According to an embodiment of the present disclosure, one of the imaging device and the position sensor is further adapted to measure a traveling speed of the vehicle, and the controller controls the scanning image formed by the scanning device to be scaled according to the traveling speed.

According to an embodiment of the present disclosure, a scanning apparatus includes: two upright frames oppositely disposed on both sides of the examination region; and a radiation source and an array detector respectively arranged on the two upright frames.

According to an embodiment of the present disclosure, the scanning apparatus further includes two shielding walls respectively disposed on the upright frames to shield radiation from the radiation source.
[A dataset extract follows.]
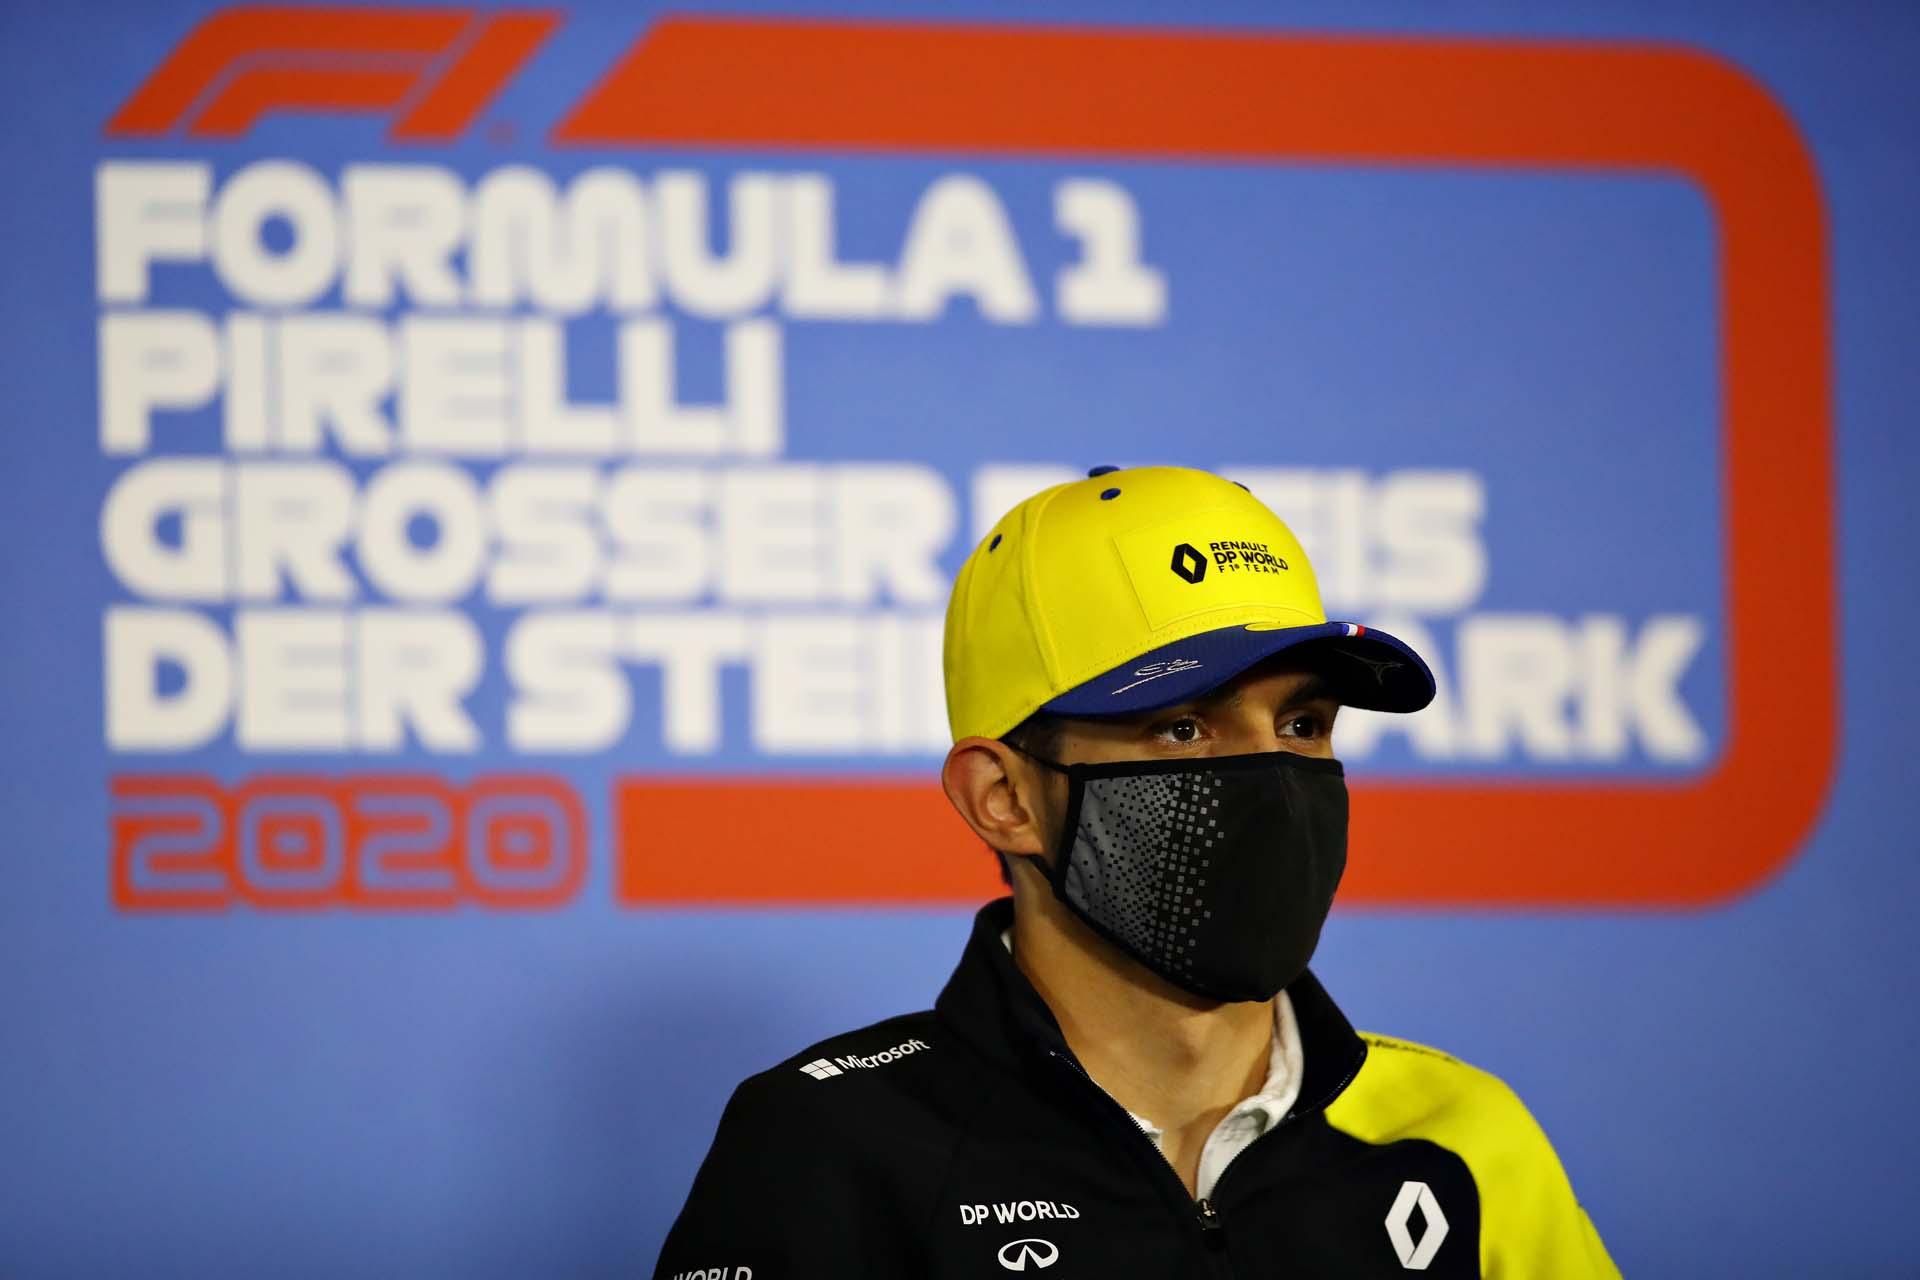 Motor Racing - Formula One World Championship - Steiermark Grand Prix - Preparation Day - Spielberg, Austria

According to an embodiment of another aspect of the present disclosure, there is provided a safety inspection method for inspecting a vehicle using the above vehicle safety inspection system, including the steps of:

acquiring a real object image of a side portion of a vehicle entering an inspection area;

recognizing the real object image, and determining a preset part and a rear end part of the vehicle according to the recognized real object image;

calculating a length of a trunk of the vehicle based on the determined predetermined portion and the rear end portion;

detecting a real-time location of the vehicle in the inspection area; and

and under the condition that the front end of the trunk of the vehicle enters a scanning area of the scanning device according to the length and the real-time position of the trunk, controlling the scanning device to scan and check the trunk.

According to an embodiment of the present disclosure, in a case where it is determined that the rear end portion of the vehicle is away from the scanning area of the scanning device according to the real-time position, the scanning device is controlled to stop the scanning inspection.

According to an embodiment of the present disclosure, the step of acquiring a real object image of a side portion of a vehicle entering the inspection area includes: and compounding a plurality of sub-object images of the vehicle at different positions of the inspection area acquired by the imaging equipment to obtain the object image.

According to an embodiment of the present disclosure, the predetermined portion includes at least two of a rear wheel, a rear door, a handle of the rear door, and a rear edge of the roof.

According to an embodiment of the present disclosure, an approximate contour of the trunk is determined according to the predetermined portion and a rear end portion of the vehicle, and a length of the trunk is determined according to the approximate contour.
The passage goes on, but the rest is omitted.